Capacitors and Dielectric Oil: Calculating Electric Displacement and Field

[teme92]

Homework Statement

(a) Calculate the Electric displacement of parallel plate capacitor of with a thickness d (in z), and length L (in x), and a width W (in y). Within the capacitor is a dielectric oil with a dielectric constant –ε_r , and the charge on the plates is ± q.
(b) Using the definition of Electric displacement, what is the Electric field within the capacitor?
(c) Calculate the capacitance? (
d) If the capacitor is turned sideways so that the width W is vertical, while the length L and thickness d are horizontal, how much oil will remain within the capacitor? (provide either a volume or a length) Assume that the density of the dielectric oil is ρ . (Warning: your final solution may not be closed form and if so, need not be fully solved)

Homework Equations

The Attempt at a Solution

(a) Used Gauss' Law:

$\int D{\cdot}da = Q$ where $\int D{\cdot}da = 2DA$.

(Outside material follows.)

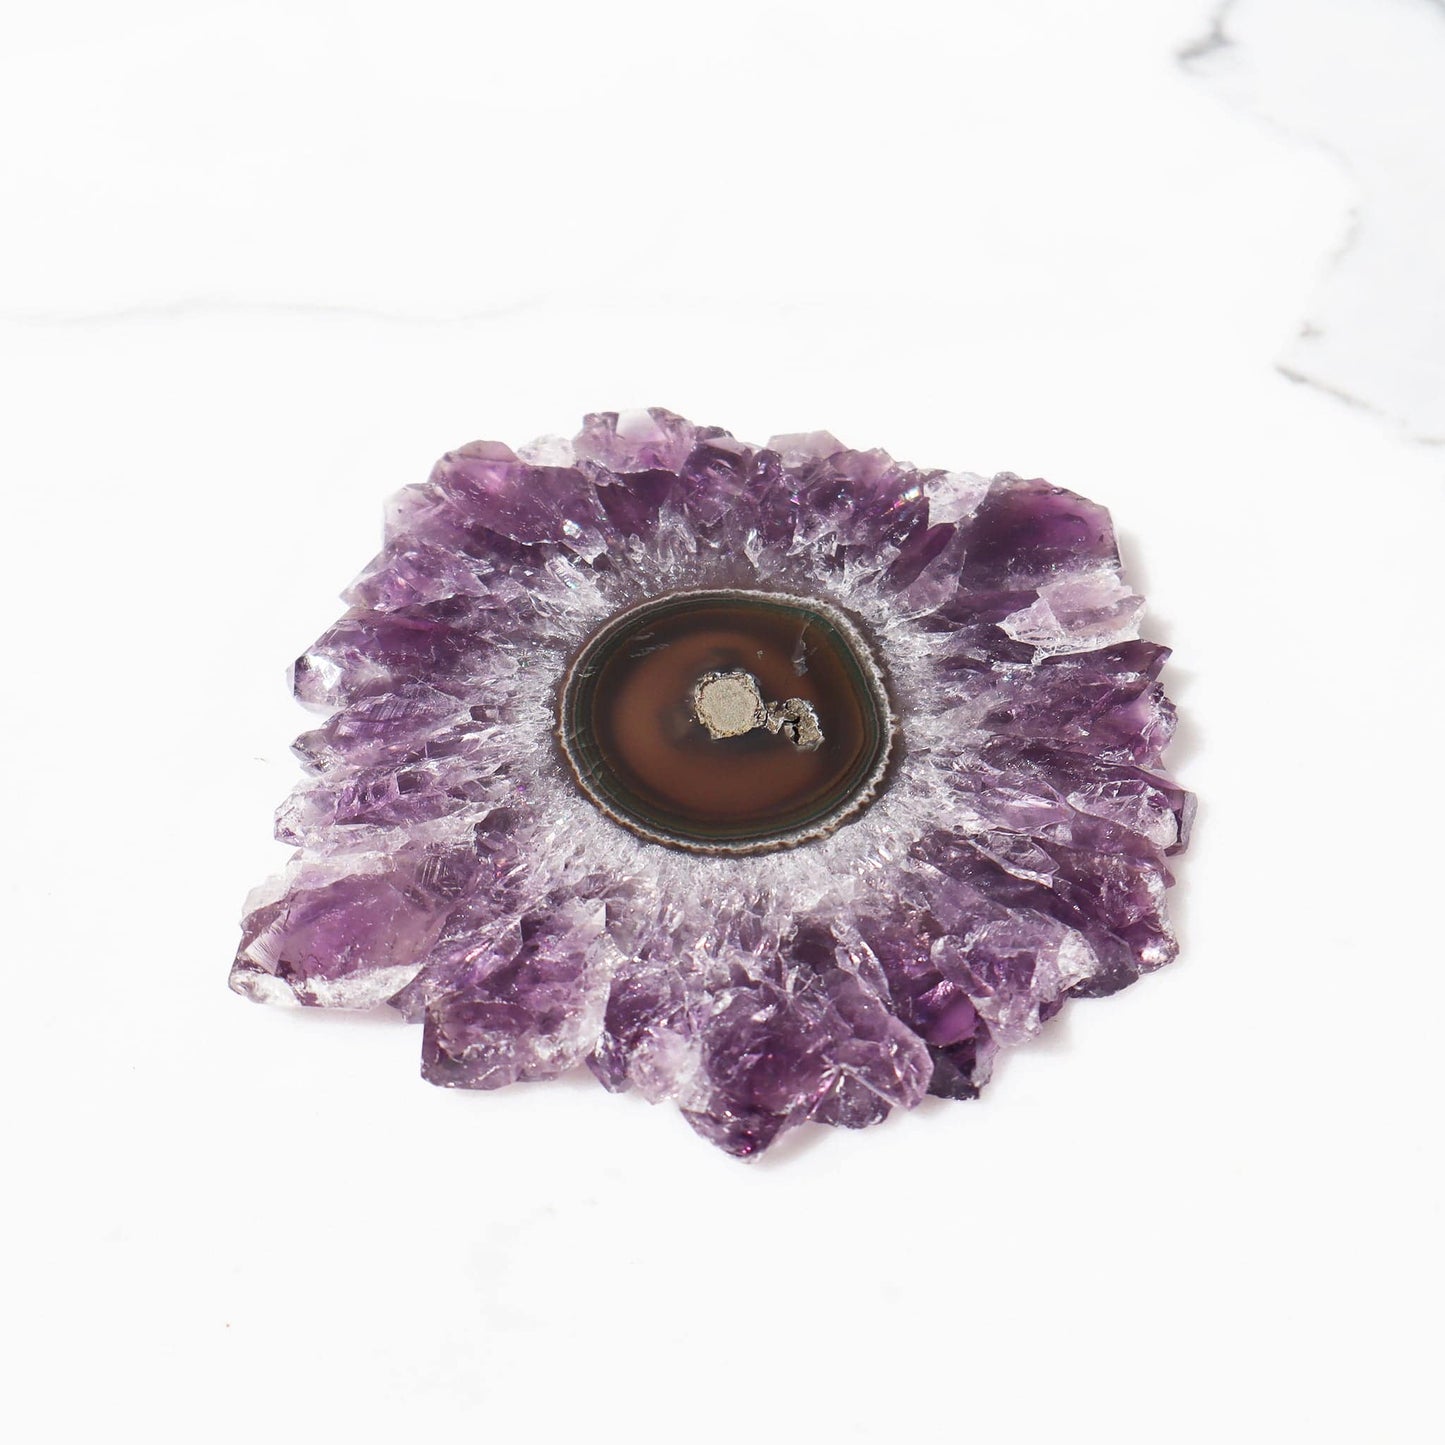 Crystal Mineral Flower Amethyst Stalactite - Deepest Earth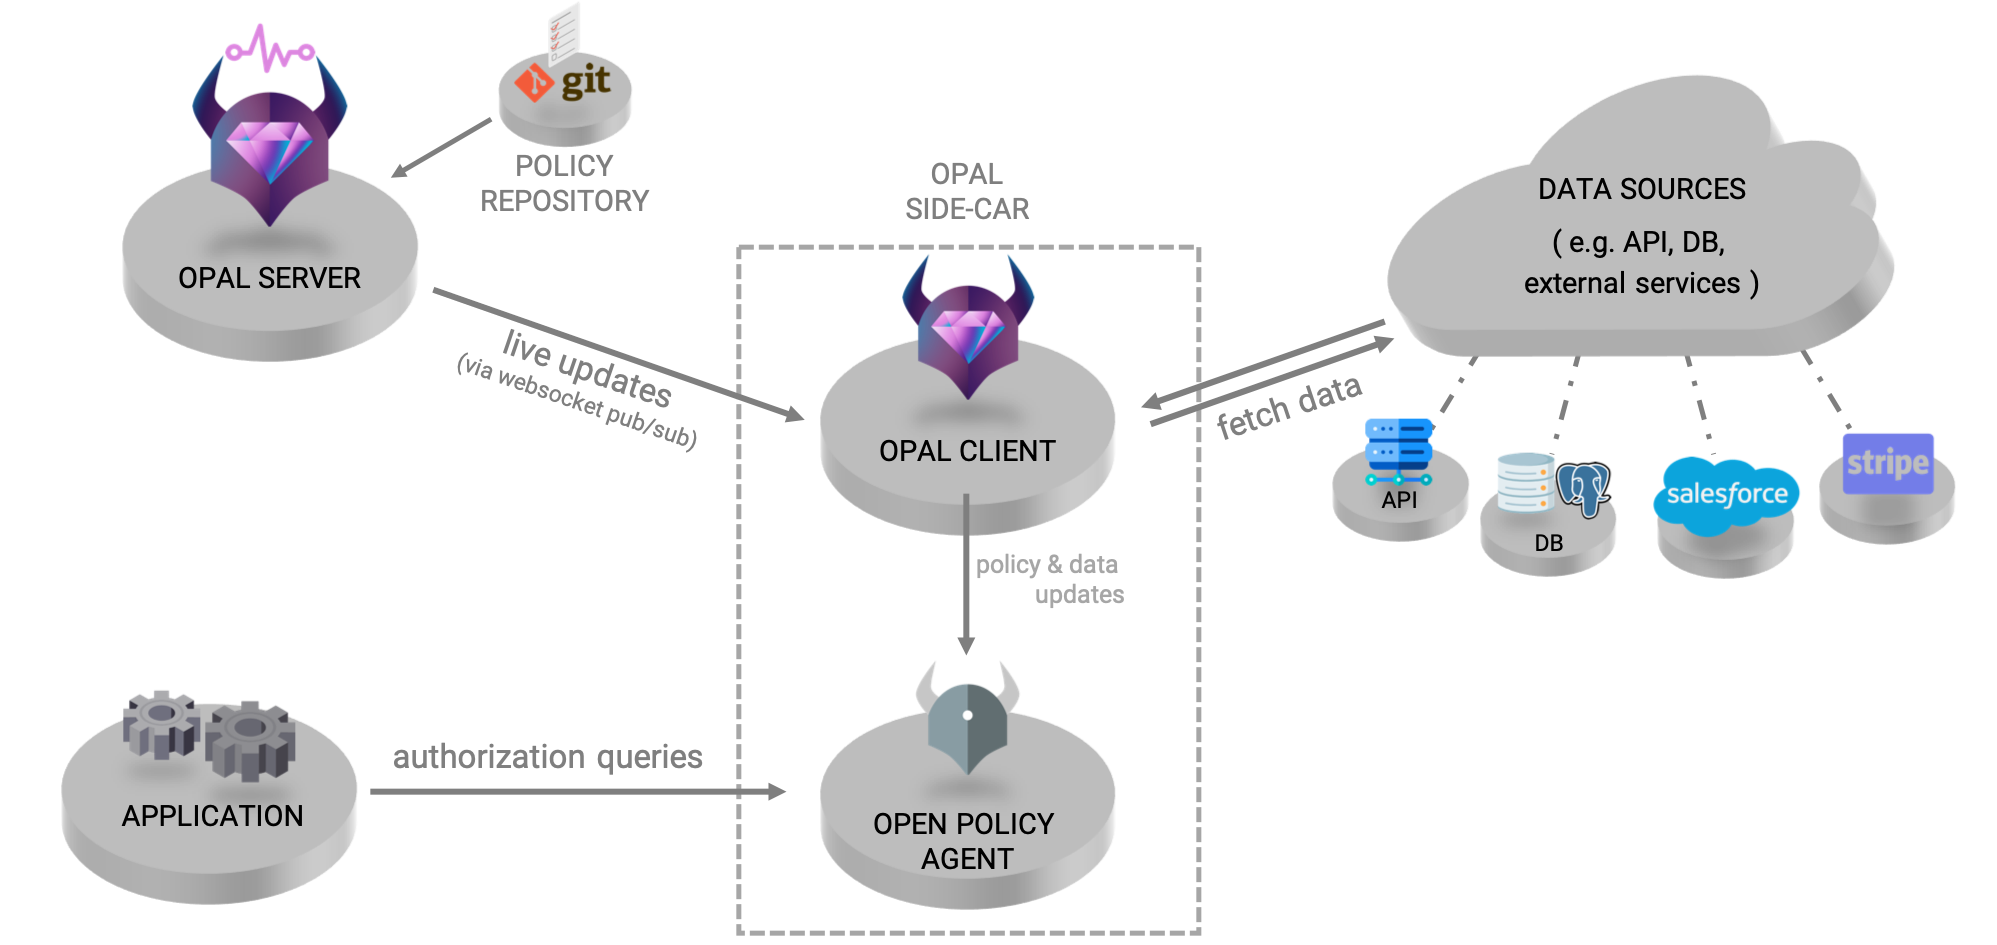 OPAL’s architecture

Therefore: $D = \frac{Q}{2A} = \frac{\sigma}{2}\hat{z}$

(b) D is proportional to electric field as dielectric material is linear:

$E = -\frac{\sigma}{2\epsilon_r}$

(c) Used the formula:

$C = \epsilon_r\epsilon_0\frac{A}{d}$

(d) Have no idea how to begin this part even. Any help in the right direction would be greatly appreciated.

 

[mfb]

Therefore: $D = \frac{Q}{2A} = \frac{\sigma}{2}\hat{z}$

The middle part is a scalar, the right side is a vector, those cannot be equal.
I don't think it helps to introduce new variables here, especially if you don't give a definition of them.

(d): Oil will move down until the height reaches some value h. At this height, removing more oil from the bottom does not release energy any more as moving oil out of the electric field takes energy, so no more oil moves out. You can calculate this height h.
The problem statement could be a bit clearer here - if you would try this with a real capacitor various other effects will lead to completely different results. You have to put the capacitor on top of an oil bath to get the same result in a real experiment.

 

[teme92]

Ok thanks for the help, I'm working through and I'll get back to you if I need any more help.